Take the lines below from the one with "Answer These 22" through the one with "Smiling portrait of" and retype them exactly. Include nothing else, and no pictures.

TASK MATERIAL:
○ ○ ○ ○ ○ ○ ○

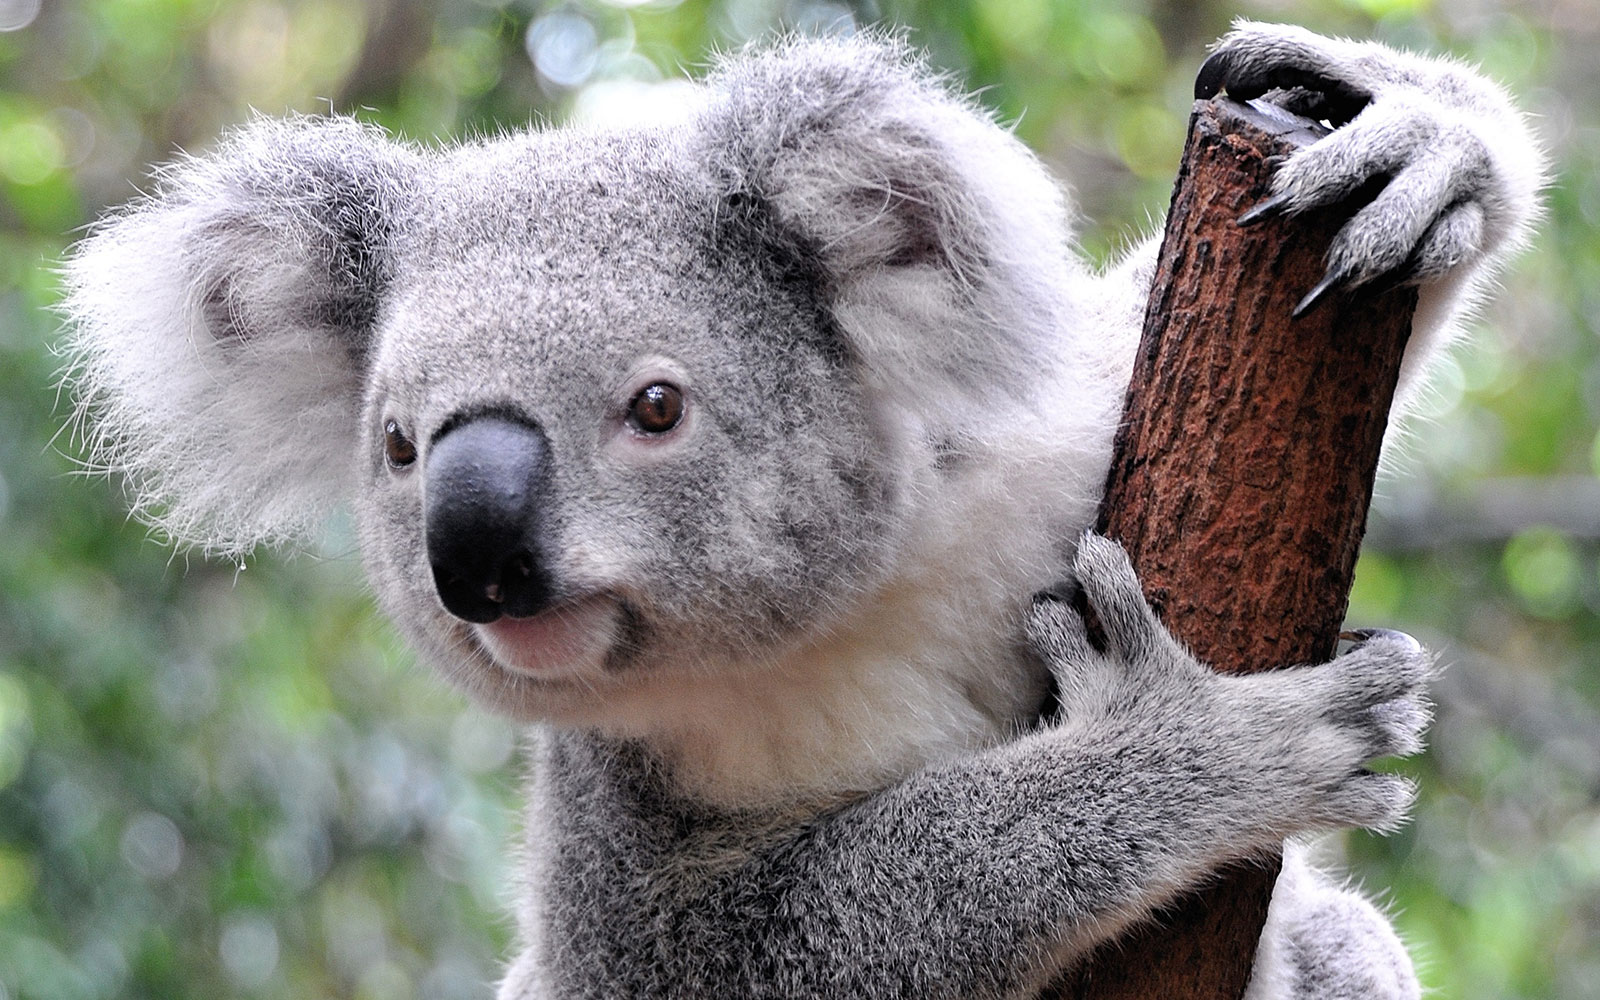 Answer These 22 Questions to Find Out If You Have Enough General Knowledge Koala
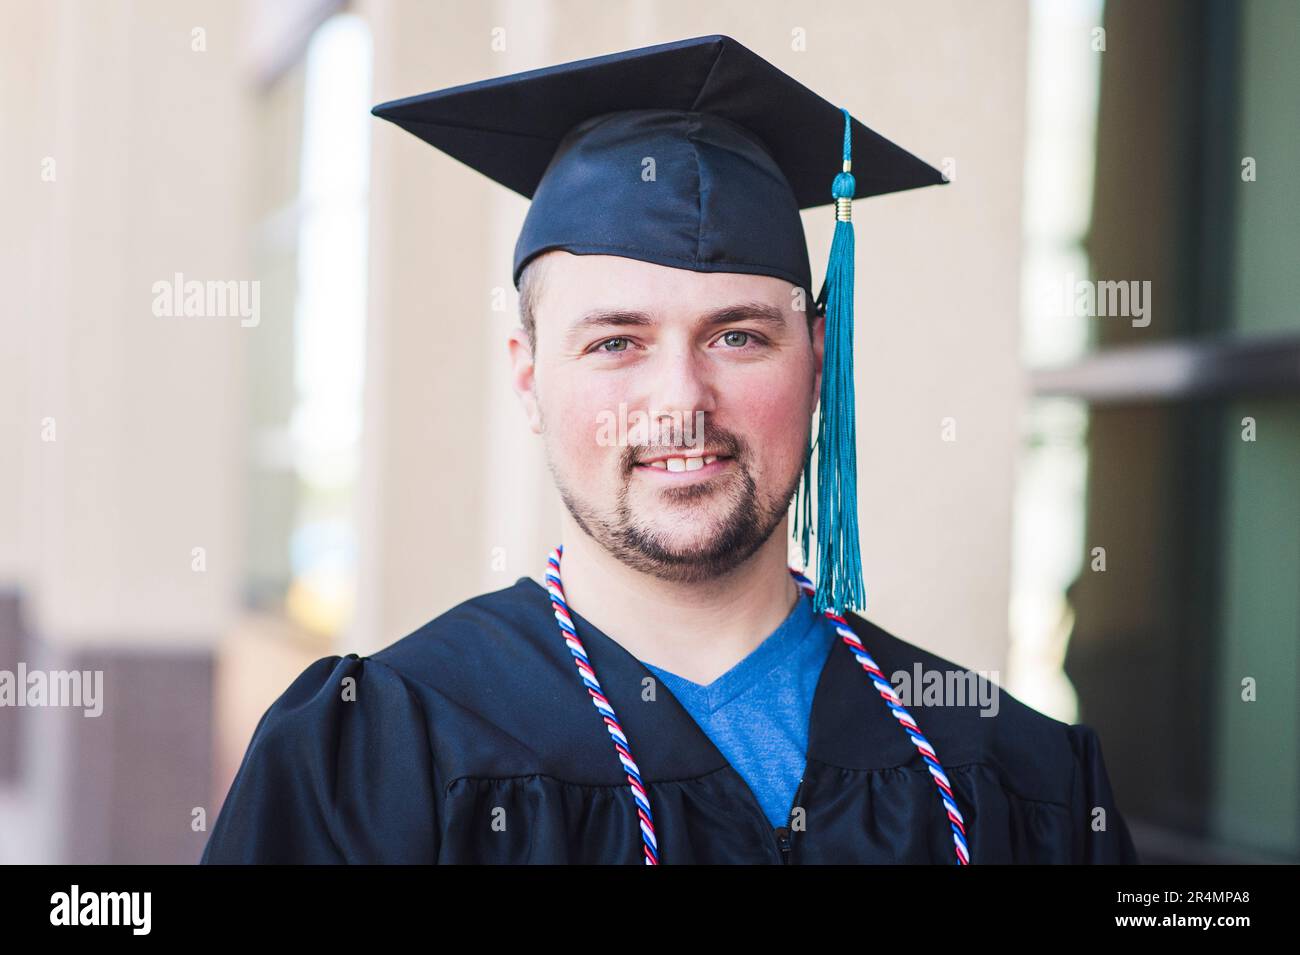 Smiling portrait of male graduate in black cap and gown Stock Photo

○ ○ ○ ○ ○ ○ ○

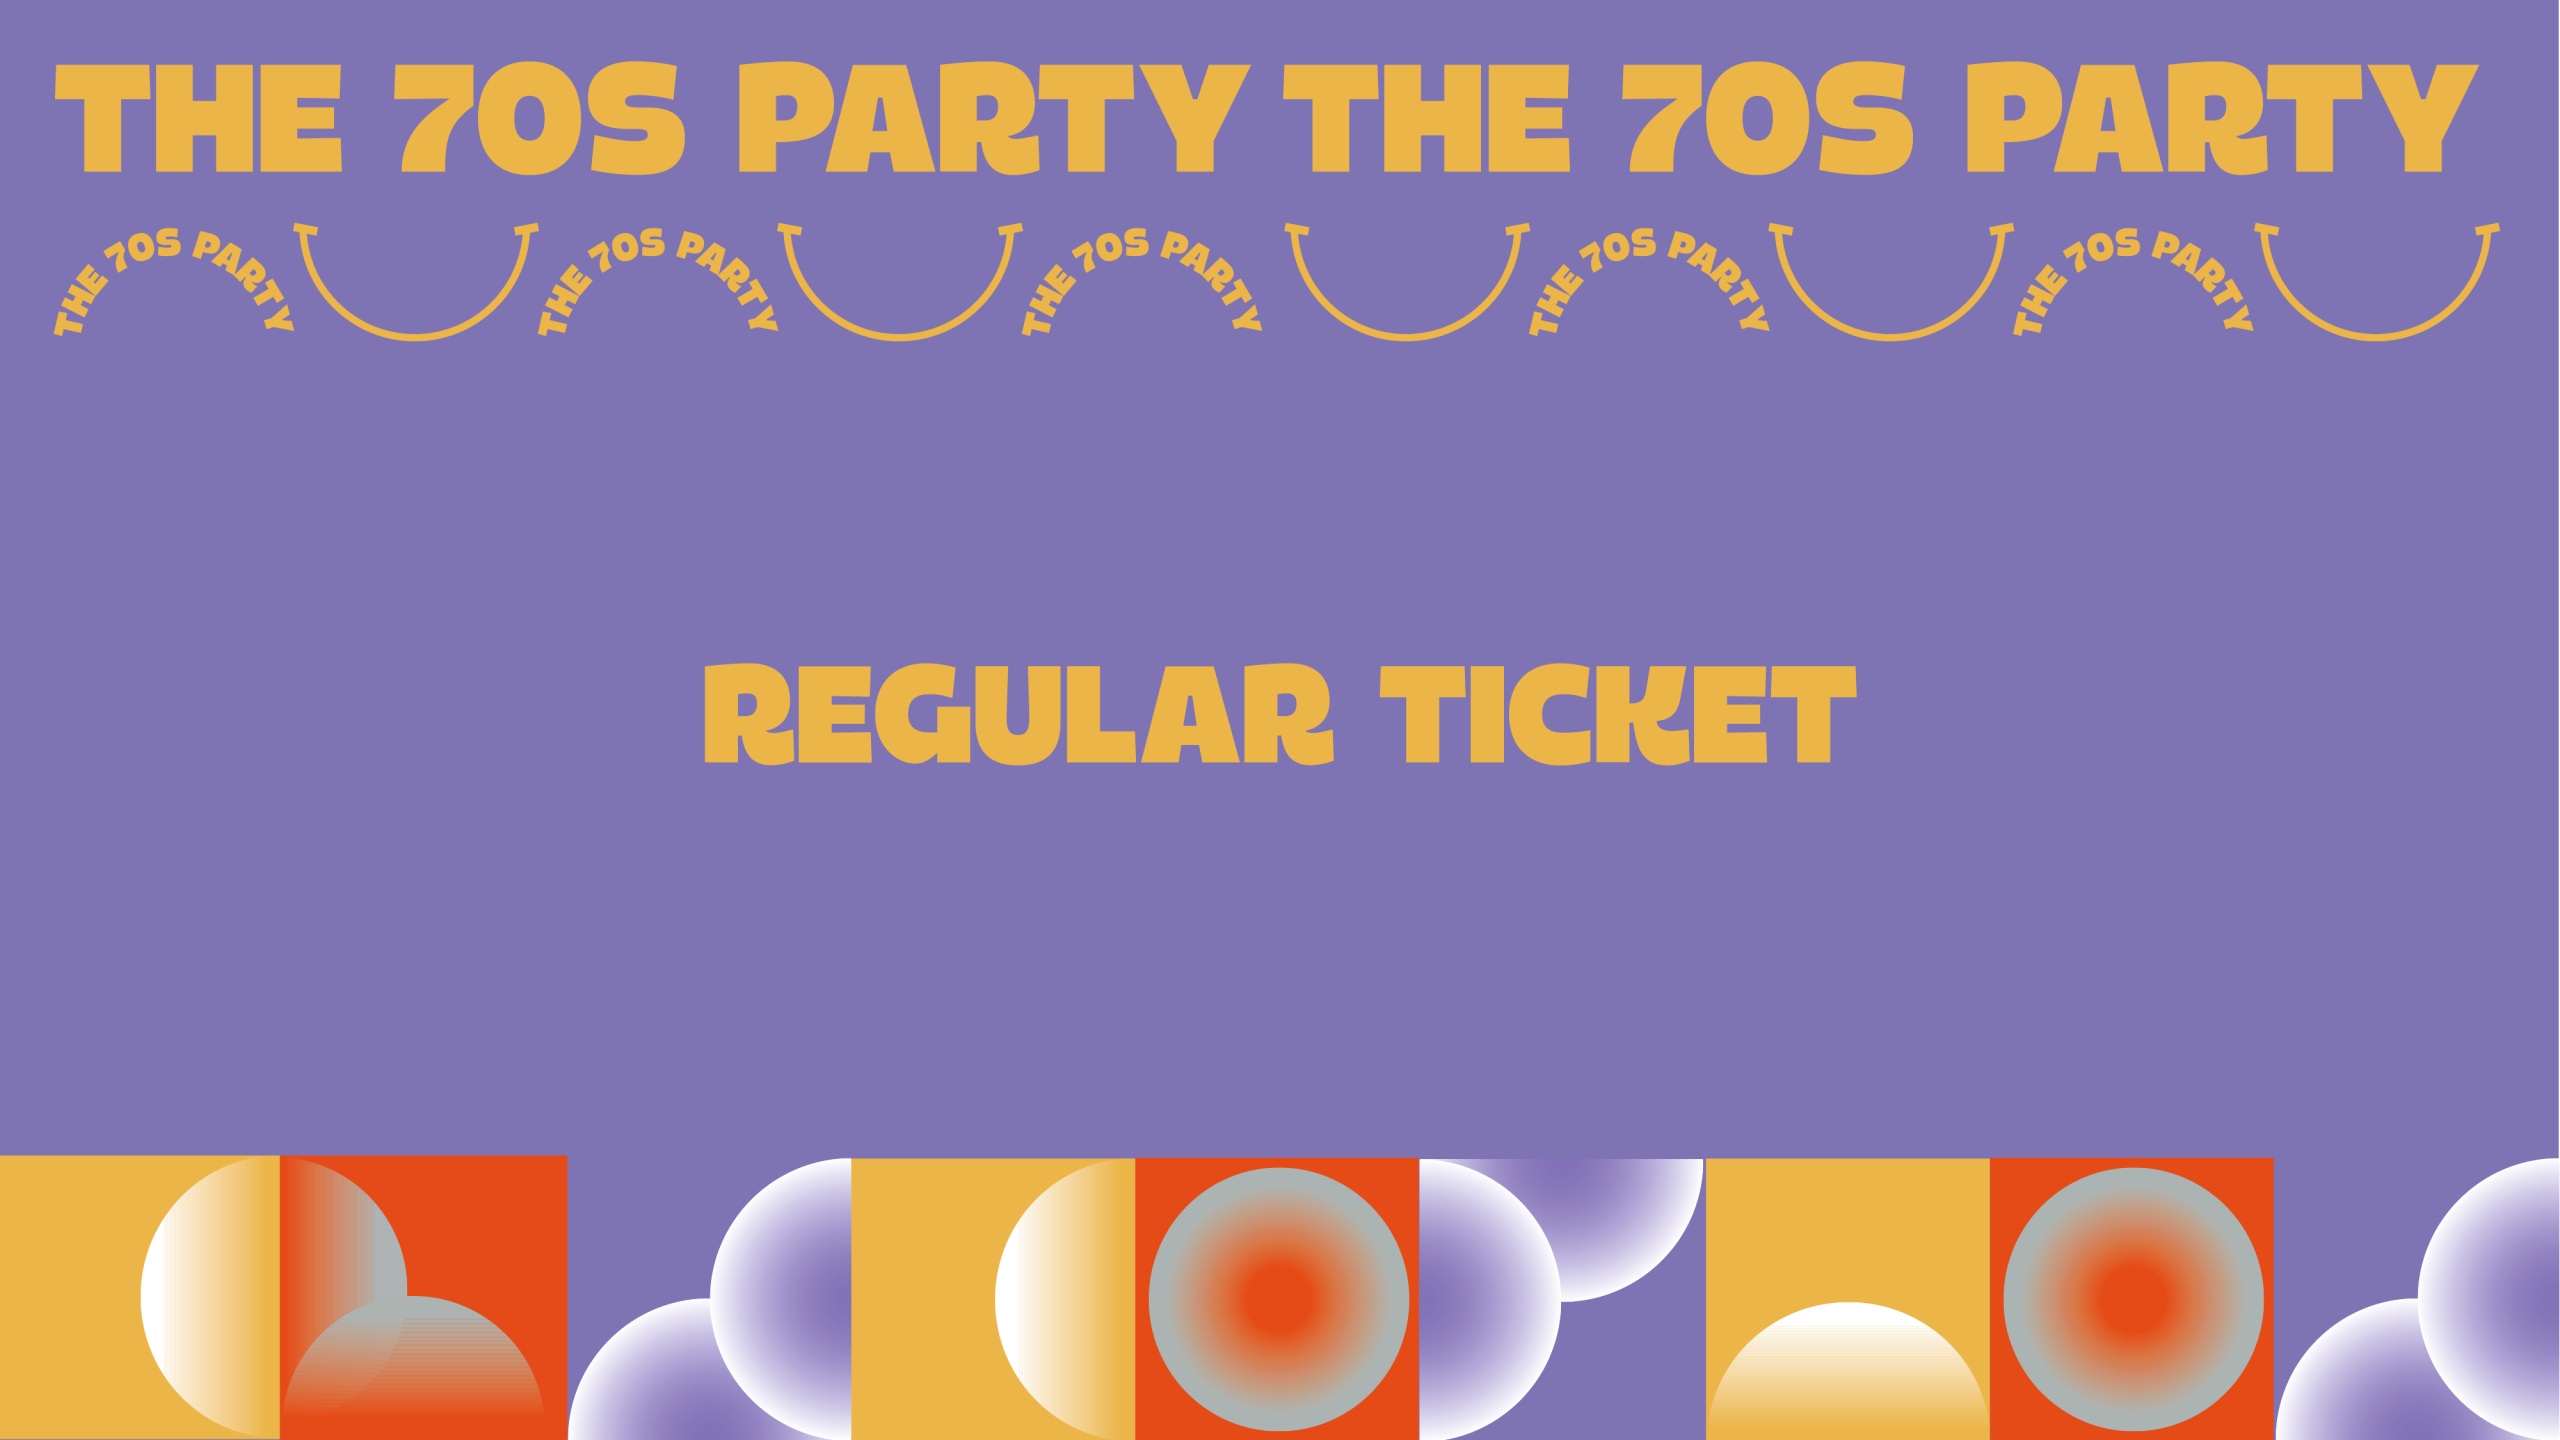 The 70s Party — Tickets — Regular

○ ○ ○ ○ ○ ○ ○

RESPONSE TO THIS TASK:
 Answer These 22 Questions to Find Out If You Have Enough General Knowledge Koala
 Smiling portrait of male graduate in black cap and gown Stock Photo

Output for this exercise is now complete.